## EXERCISE REQUIREMENTS
Only the pictures are to be omitted; everything else in the listing must be reproduced exactly.

## MATERIAL PROVIDED
☆ ☆ ☆ ☆ ☆ ☆ ☆
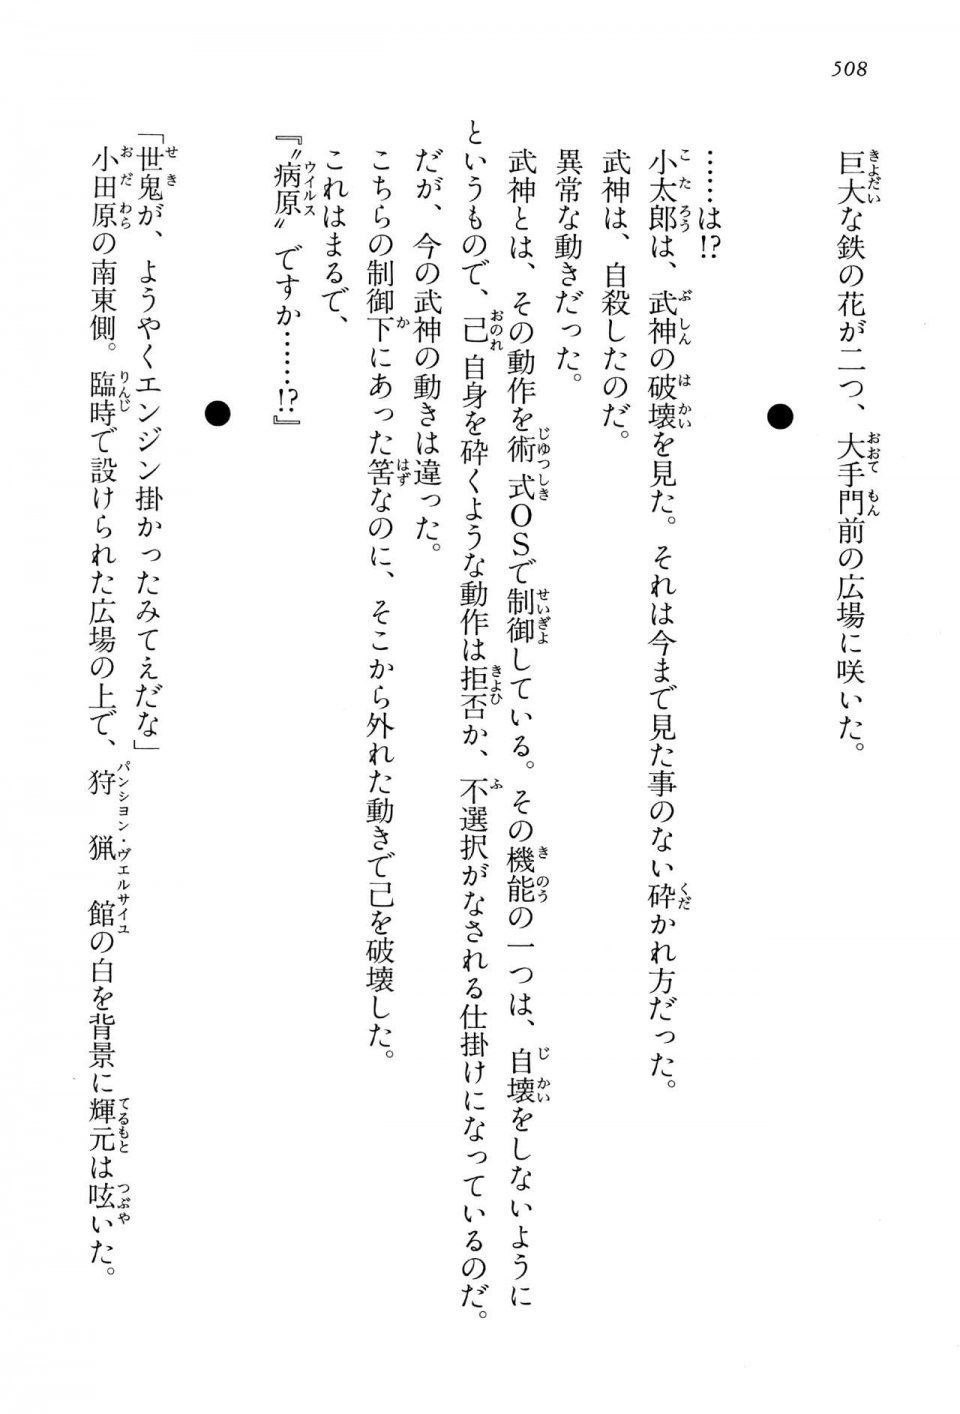 Kyoukai Senjou no Horizon LN Vol 15(6C) Part 1 - Photo #508
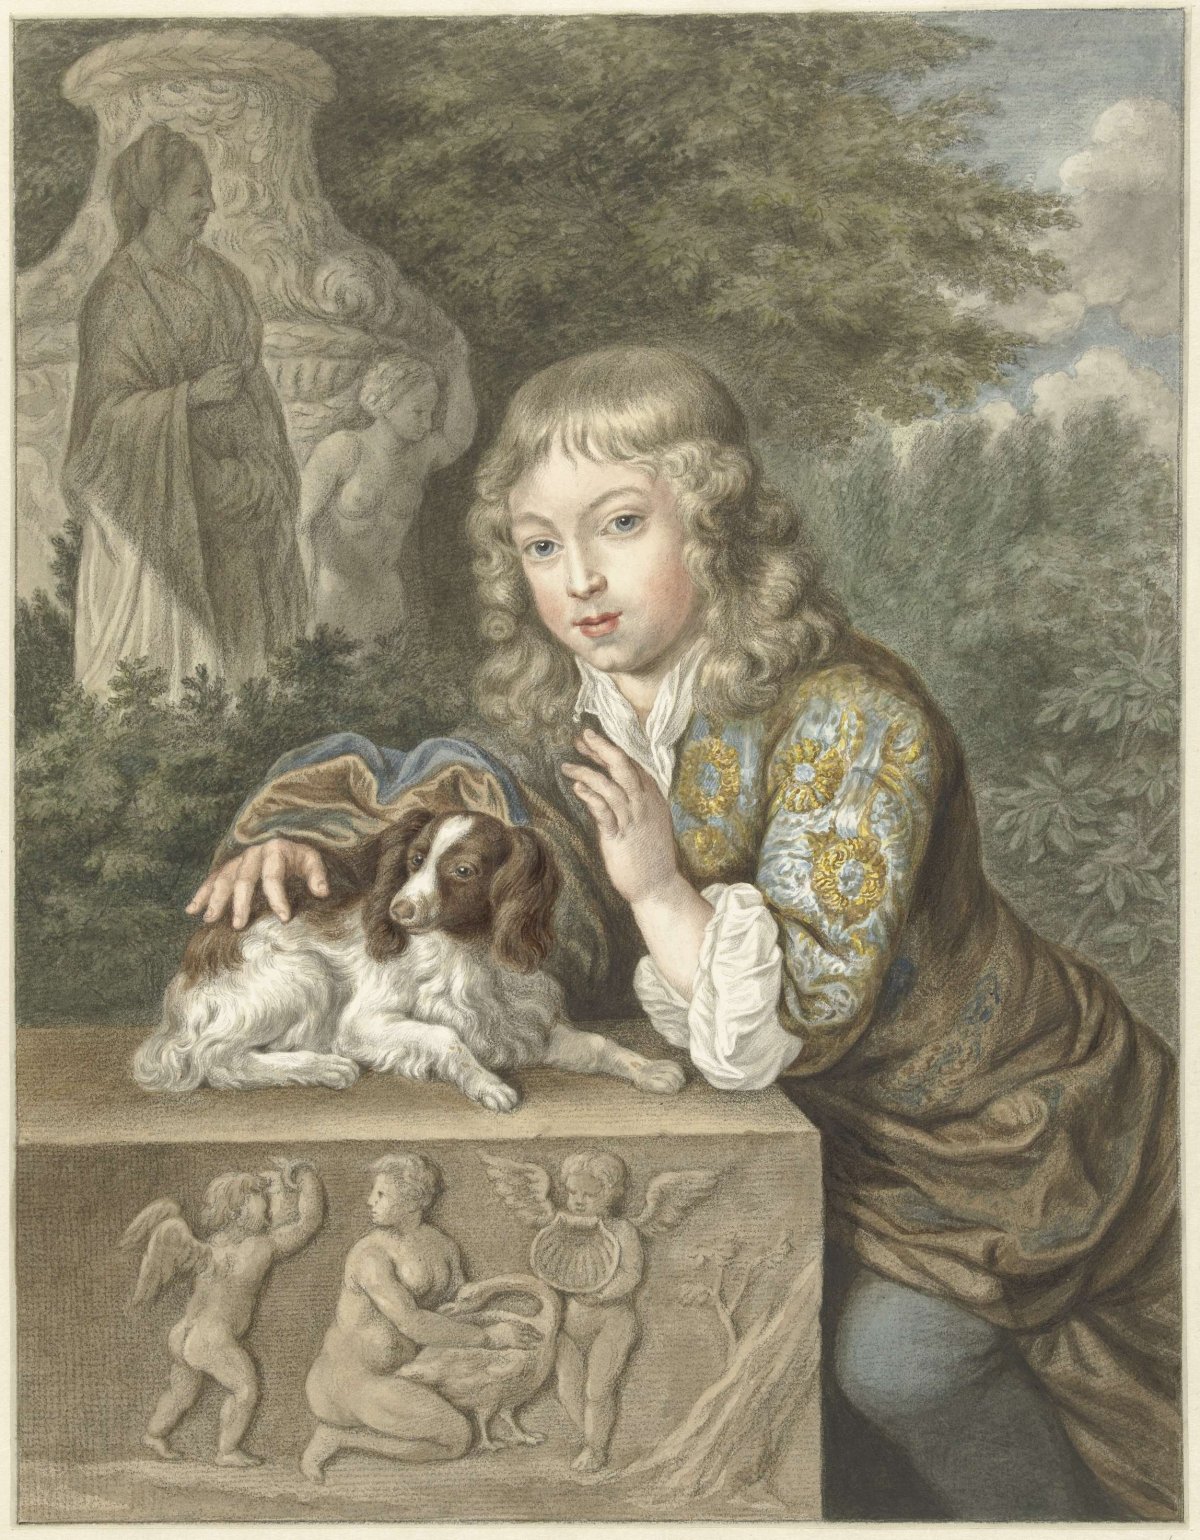 Boy with dog, Abraham Delfos, 1741 - 1820
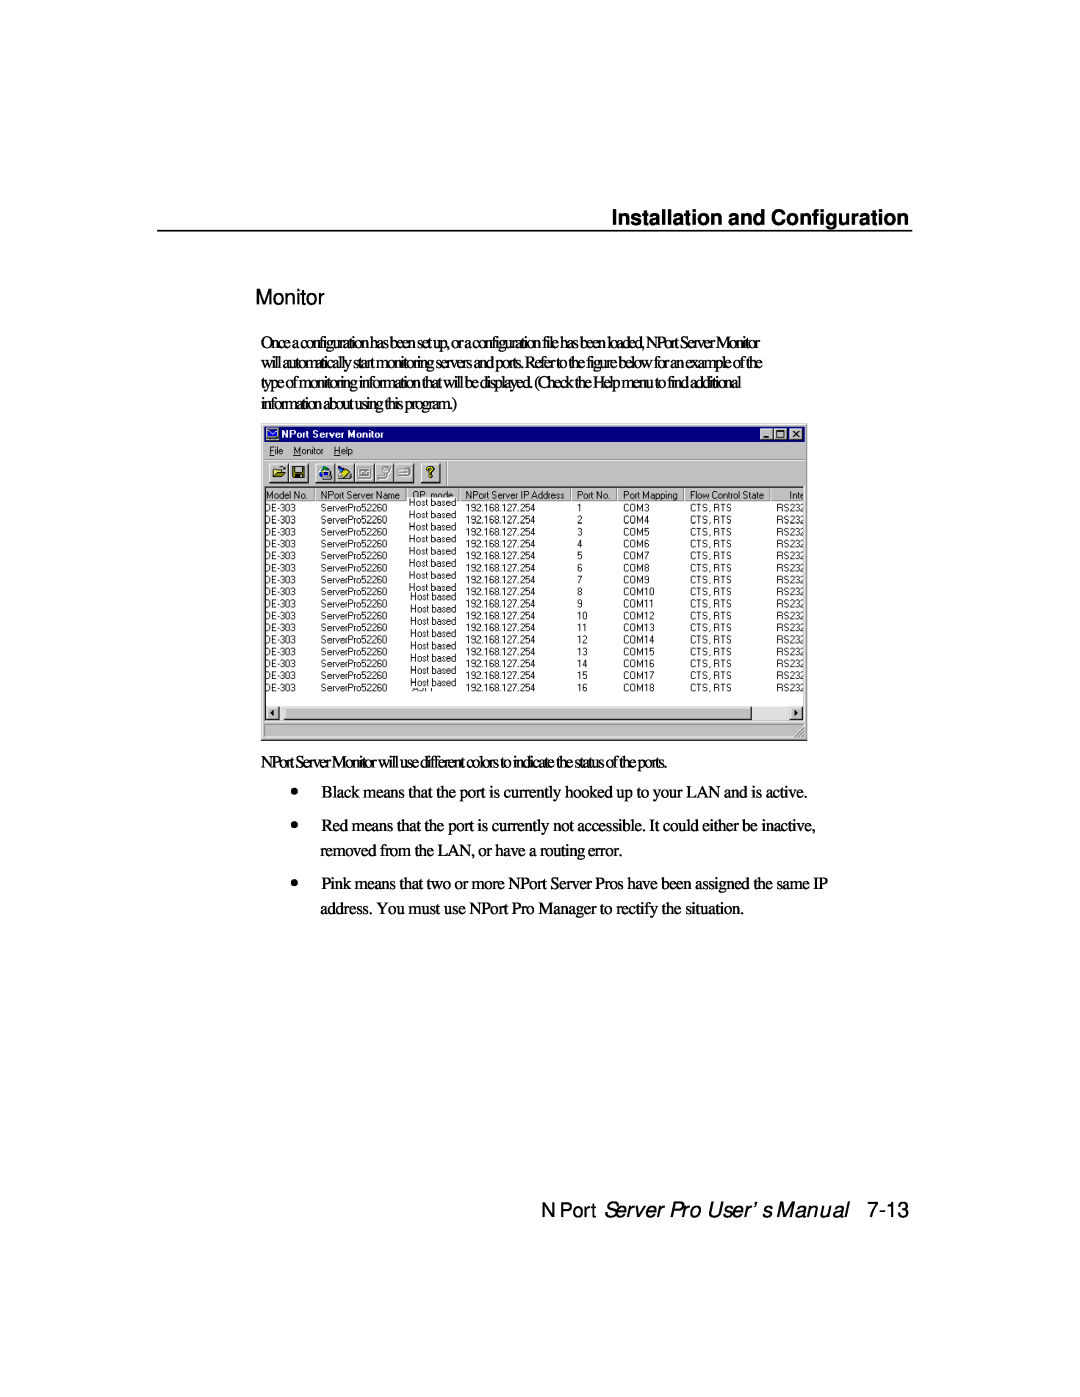 Moxa Technologies DE-308, DE-303 manual Monitor, Installation and Configuration, NPort Server Pro User’s Manual
☆ ☆ ☆ ☆ ☆ ☆ ☆
## RESPONSE TO THE EXERCISE
 Kyoukai Senjou no Horizon LN Vol 15(6C) Part 1 - Photo #508
 Boy with dog, Abraham Delfos, 1741 - 1820
 Moxa Technologies DE-308, DE-303 manual Monitor, Installation and Configuration, NPort Server Pro User’s Manual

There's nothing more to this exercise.